Mandé la hoja de vida, me llamaron después de mucho tiempo y me hicieron una entrevista. Fue muy torturante porque yo nunca había hecho nada relacionado con la cultura. Entonces, me sentí en un terreno muy farragoso, pero hubo algo en mí que les dije y les gustó. Sin embargo, el mayor mérito lo tienen las personas que me entrevistaron y aceptaron que sea el nuevo gestor de lectura.

¿Qué es el Sistema de Bibliotecas de Medellín para ti?

Una gran iniciativa. Una apuesta muy arriesgada, pero necesaria para hacer bibliotecas públicas en las periferias, en los barrios populares, de estratos bajos. Para también, acercar a la población la cultura, el cine, el teatro, con la parte recreativa de los niños.

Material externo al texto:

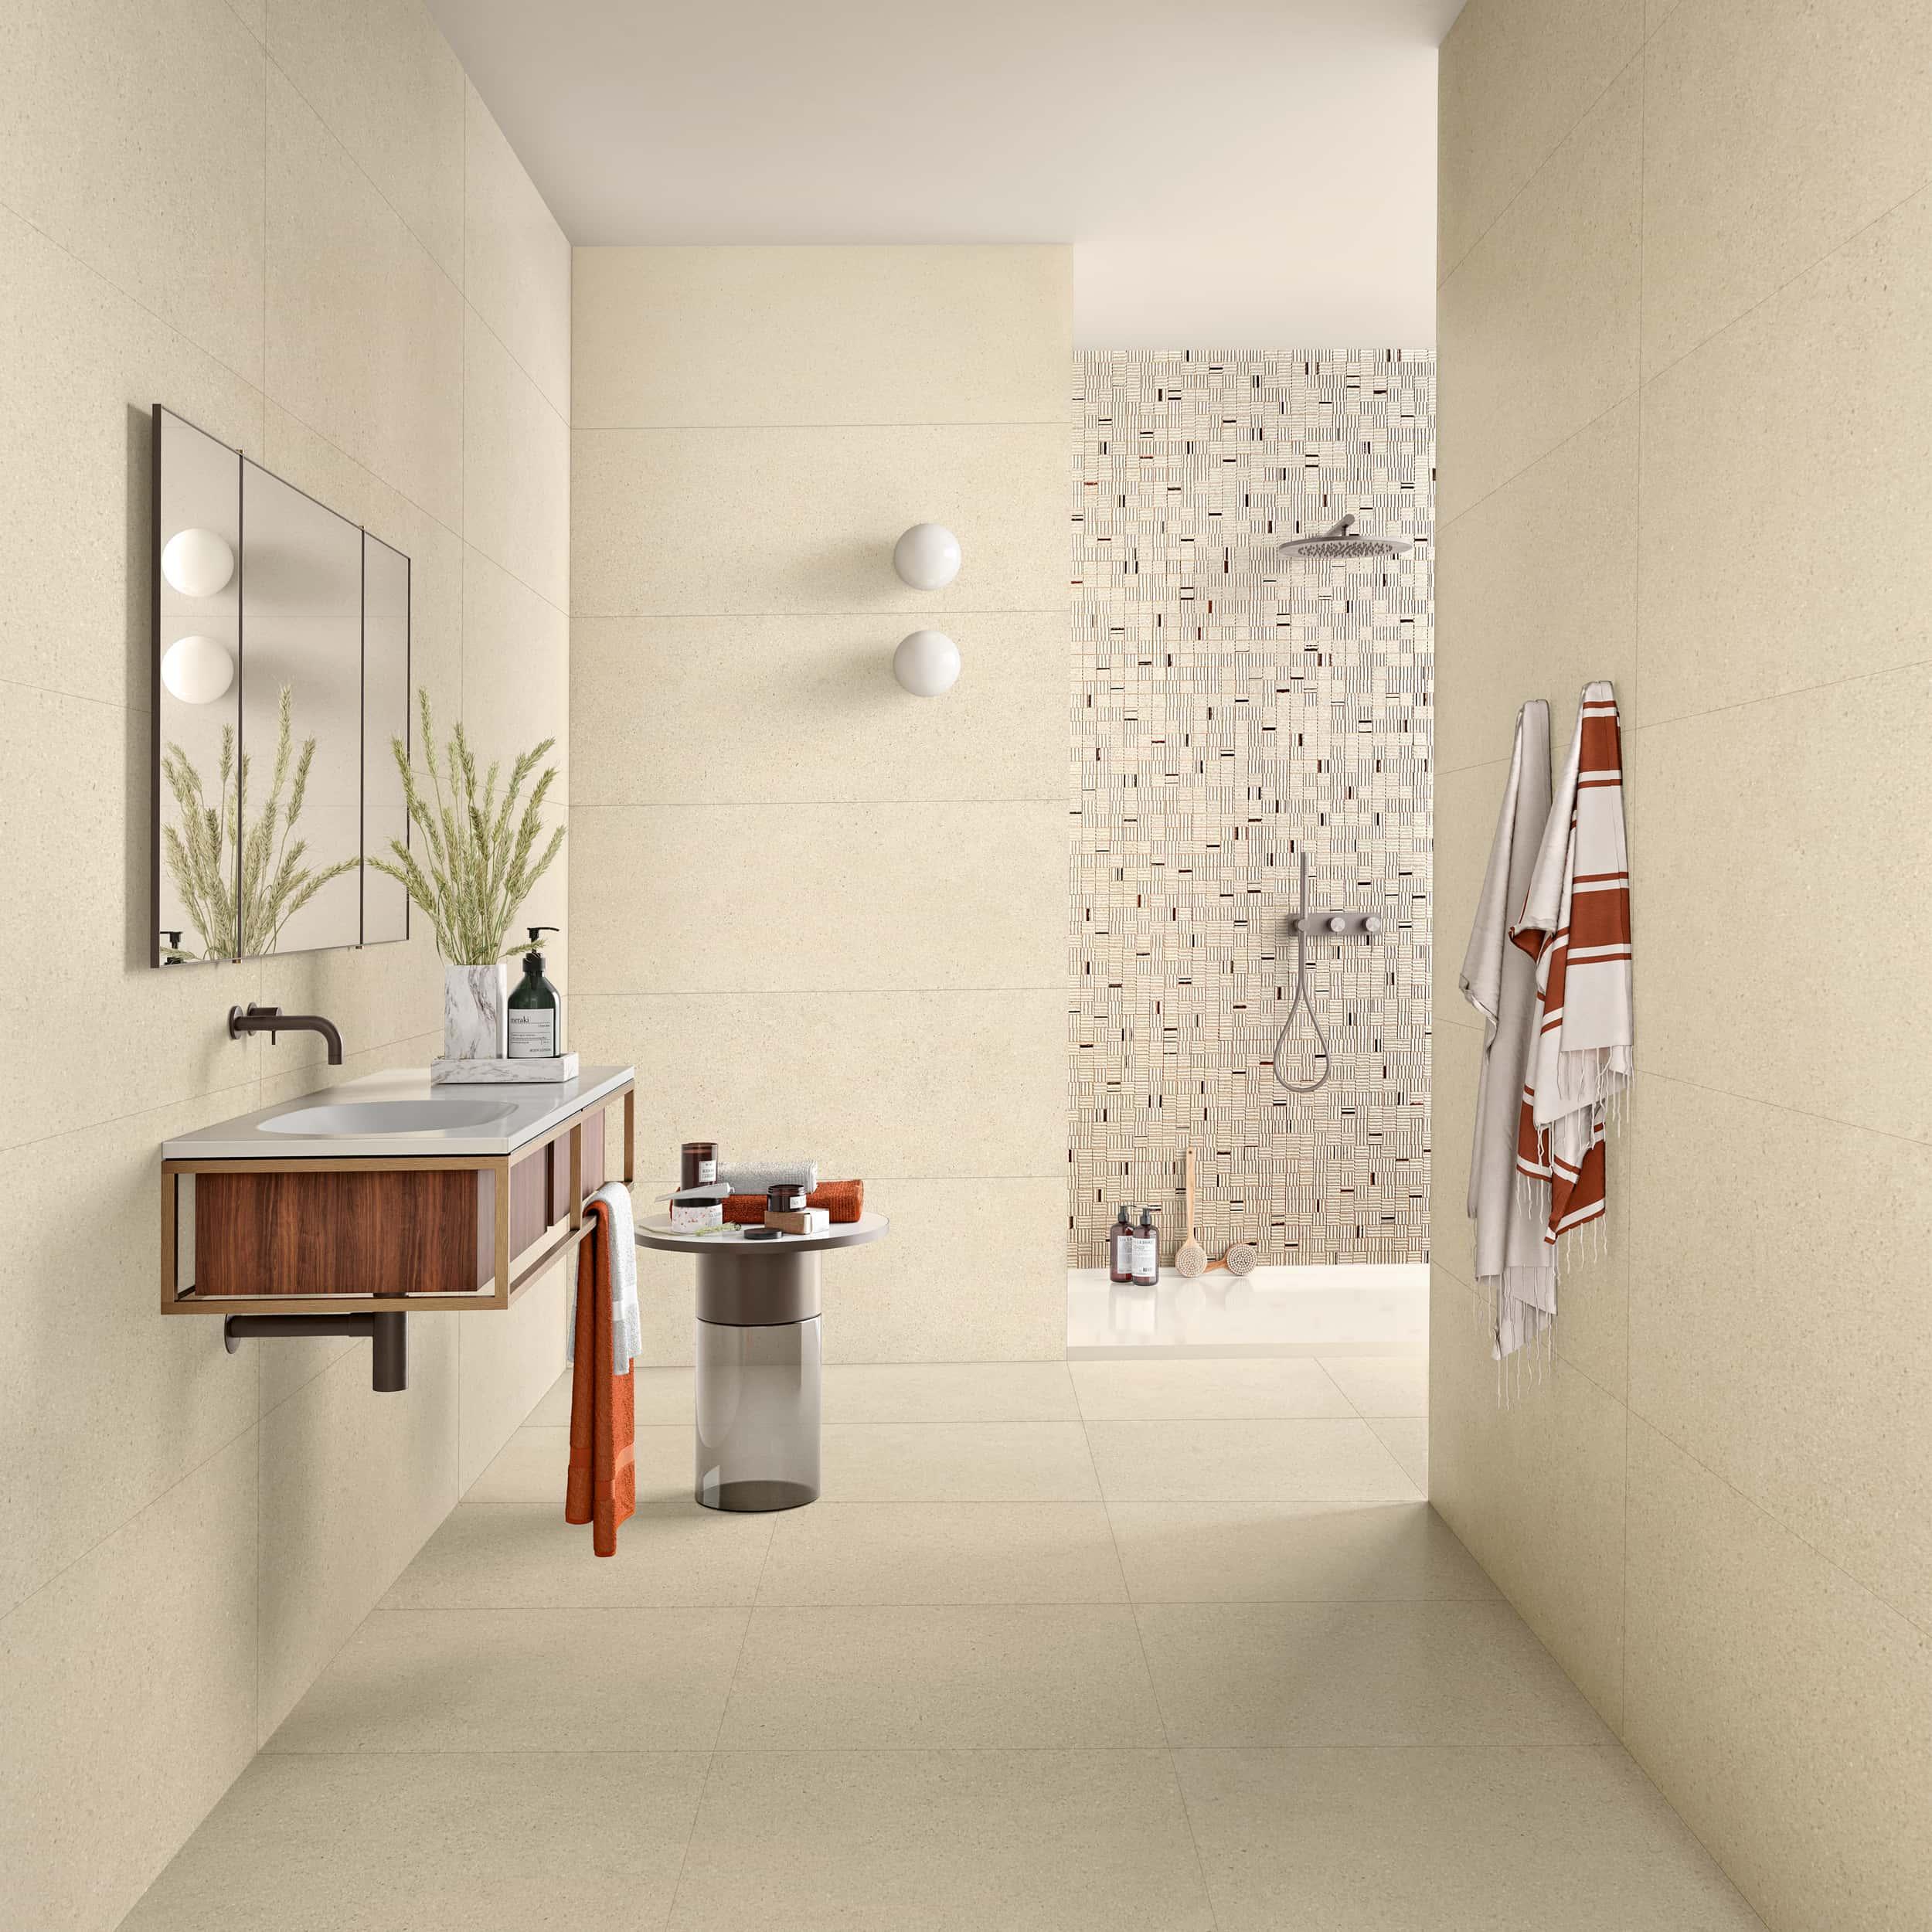 Stark Beige - 45 x 120 RET. | Mosaico Stark Beige - 35 x 35 | Stark Beige - 60 x 60 RET.

Tener presencia en la mayor cantidad de comunas; que la gente sienta que las bibliotecas son parte de su cotidianidad.

Tiene una gran significado.

Sí, y no solo es el préstamo de libros, que es lo clásico y tradicional, sino los programas de promoción de lectura desde la primera infancia, los clubes de lectura. Es la apropiación del espacio alrededor de todo eso. Los cursos, los grupos de música. La biblioteca es un sitio muy vivo. No es como las bibliotecas de la universidad, que representan el espacio de la intelectualidad. Eso no funcionaría en sitios populares. Aquí no hay silencios.

Tú llegaste a disfrutar del Sistema de Bibliotecas.

Yo era un usuario de la Biblioteca Pública Piloto. Era un ratón de biblioteca. Estudiando ingeniería perdí muchas materias por leer los clásicos. Perdía el curso de diferenciales por estar leyendo a Cortázar o perdía álgebra lineal por leer cuentos. Todavía tengo una sanción ahí. (risas).

Entonces tú eres una buena consecuencia de un sistema bien implementado.

Creo que yo no he sido un producto directo. Era usuario de la Piloto, pero antes fui voluntario de esa misma biblioteca después del colegio. Ahí aprendí lo más básico: las catalogaciones del Dewey. Pero la verdad estaba ahí porque me seducía mucho el olor de los libros. Me fascinaba. En ese entonces, tenía una novia y nos dábamos besos entre los libros de literatura escondiéndonos del bibliotecario. Eso es algo que les aconsejo a todos (nos reímos).

Pero no solo porque he estado cerca de los libros, sino porque además como escritor, el público que me ha leído ha sido usuario de la biblioteca. Y eso tiene que ver porque mis lectores han sido preparados por el espacio. Creo que sí he sido un producto, en el sentido de que las bibliotecas han sensibilizado a los lectores, les han mostrado mis libros y mis notas del periódico donde colaboro.

¿Qué escribe ahora, Andrés?

(Piensa, cavila, rumea) Lo tengo en las tripas. Mi primer proyecto es ser mejor lector. Es más importante aprender a leer que aprender a escribir.

¿Por qué?

Leer es mil veces mejor que escribir. Escribir es un duelo a perder, te pones una armadura y vas a combate contra una trinchera con ametralladoras calibre punto 60. Escribir es saber que vas a perder, que vas a morir, pero aun así vas al combate. Escribir bien es un parto doloroso. En cambio leer es una dicha, es el cielo. Puede que te dé unas cachetaditas, te hace un poco más consciente, pero te enfrentas al producto terminado: hermoso y genial.

Entonces, escribir es para mártires, para los kamikazes.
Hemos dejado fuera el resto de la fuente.